RECORD EXTRACTS section start

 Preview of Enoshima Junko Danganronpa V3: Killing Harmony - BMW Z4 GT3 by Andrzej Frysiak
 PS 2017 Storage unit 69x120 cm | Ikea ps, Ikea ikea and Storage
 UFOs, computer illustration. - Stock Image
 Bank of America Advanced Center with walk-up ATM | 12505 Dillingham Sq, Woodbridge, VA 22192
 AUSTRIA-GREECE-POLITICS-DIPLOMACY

RECORD EXTRACTS section end

■ WHAT TO WORK ON: Every line above should be duplicated exactly as it stands.

■ RESPONSE BOX:
 Preview of Enoshima Junko Danganronpa V3: Killing Harmony - BMW Z4 GT3 by Andrzej Frysiak
 PS 2017 Storage unit 69x120 cm | Ikea ps, Ikea ikea and Storage
 UFOs, computer illustration. - Stock Image
 Bank of America Advanced Center with walk-up ATM | 12505 Dillingham Sq, Woodbridge, VA 22192
 AUSTRIA-GREECE-POLITICS-DIPLOMACY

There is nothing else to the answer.